Sir Chauncy 08-22-2010 11:28 AM

How to de-stress fish after an emergency house move
Afternoon chaps and chapettes,

I have always had an on off relationship with fish and fish tanks, every time I get into the hobby I either lose my job or move house, perhaps this is lifes way of telling me to stop keeping fish :) Anyway...

My girlfriends parents had a fish tank that they didn't really want and didn't look after. So I kind of took over. Gradually changing water and putting plants in steadily over a period of months. I then moved in with my girlfriend and the tank was kind of left behind and I didn't see it for a fair old while. Then I found out that they were going to get rid of it unless we took it off their hands.
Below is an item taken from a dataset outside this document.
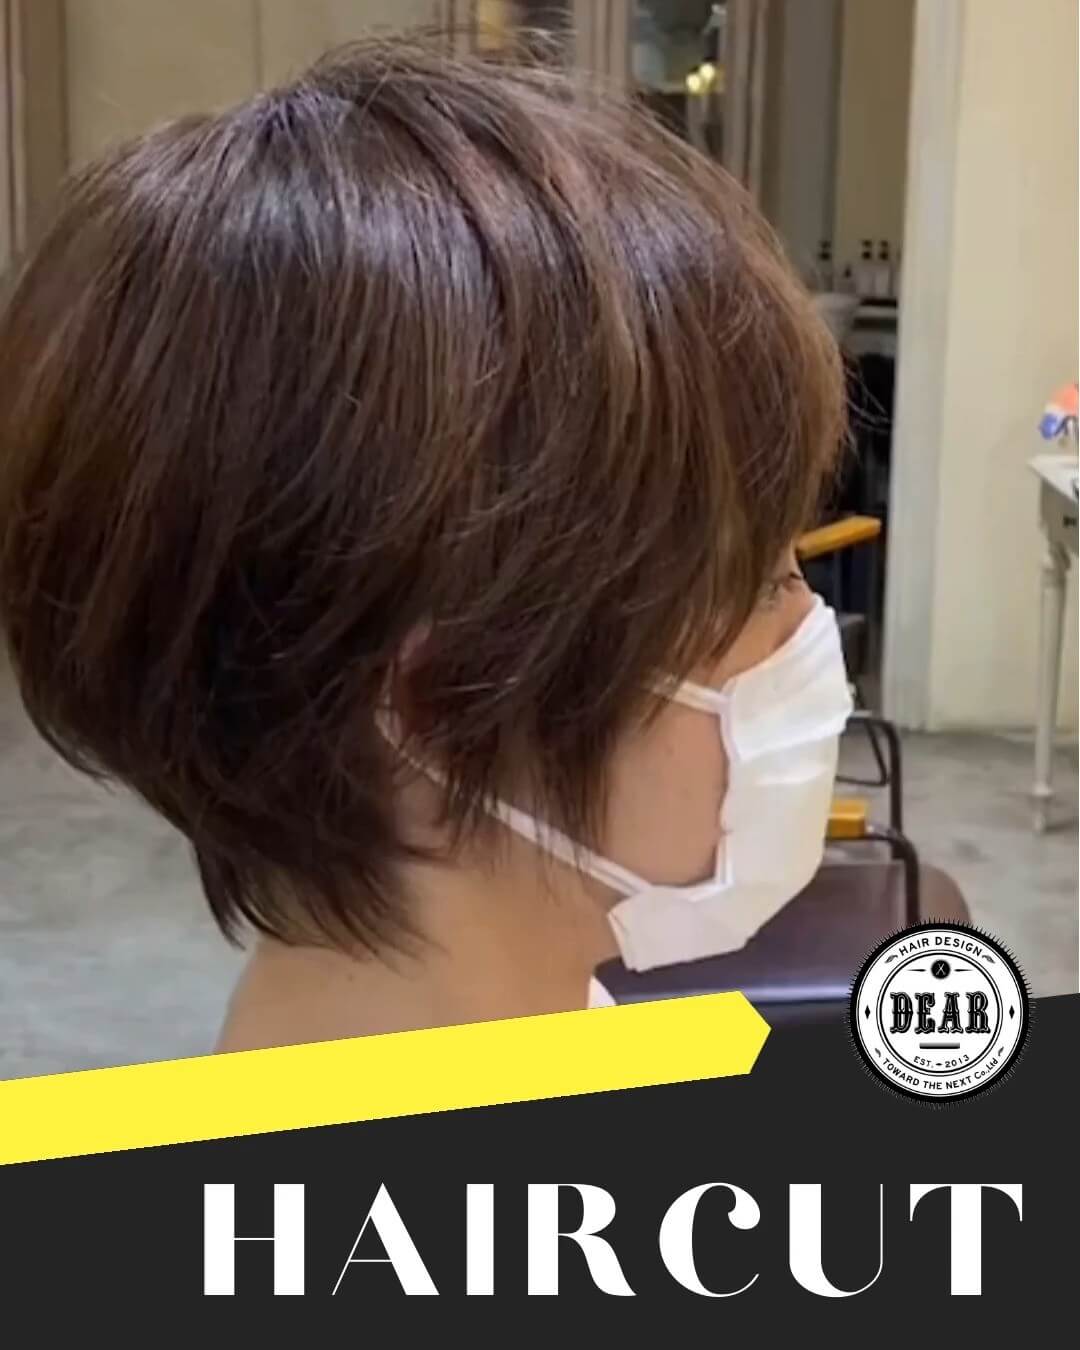 Women's Haircut【DEAR Hair Design】｜เว็บไซต์รวมร้านทำผมในกรุงเทพฯ

It hadn't been touched for at least 6 weeks and things were really bleak; every neon had mouth or body fungus, several fish had died and there were no rummy noses on any tetra in about fifty feet.

My girl and I did an emergency tank move, we could only take about a third of the tank water with us and the rest was boiled and brita filtered (oops-advertising!) as a top up. I'm stupidly pleased to say that not one fish has died in the move, despite all being sick or in poor shape. However, with the exception of the armoured corydoras, the fish are very *very* pale. Worst hit is the little otocinclus, when we moved him we found that all his chums had died in the weeks before and he was the only one left :(

In terms of problem areas, well there are a few:- I had no time to cycle or age the water more than a day before we moved, and have no idea what the various chemical levels of the water were before or after the change. It was kind of an emergency tank transfer to save the poor fishkies. I also moved from gravel to sand and only washed it once before putting it into the tank, a kind of dust forms on the surface that I skim off using paper towels. This is thinning out now though.

So The advice I'd like is... what else can I do to help these fish get back on their feet? (or fins I'm sure the fish would prefer it anyway). The Oto worries me most of all. He looks like a ghost. When we first put him in his colour started to come back but he now is almost albino. I have tried cucumber, corgette and algae wafers but he kinds of keeps to himself out of the way and doesn't eat much. They like friends too but I am loathe to add more fish to a "new" tank in this state. The other fish are eating but their colours are shot to bits.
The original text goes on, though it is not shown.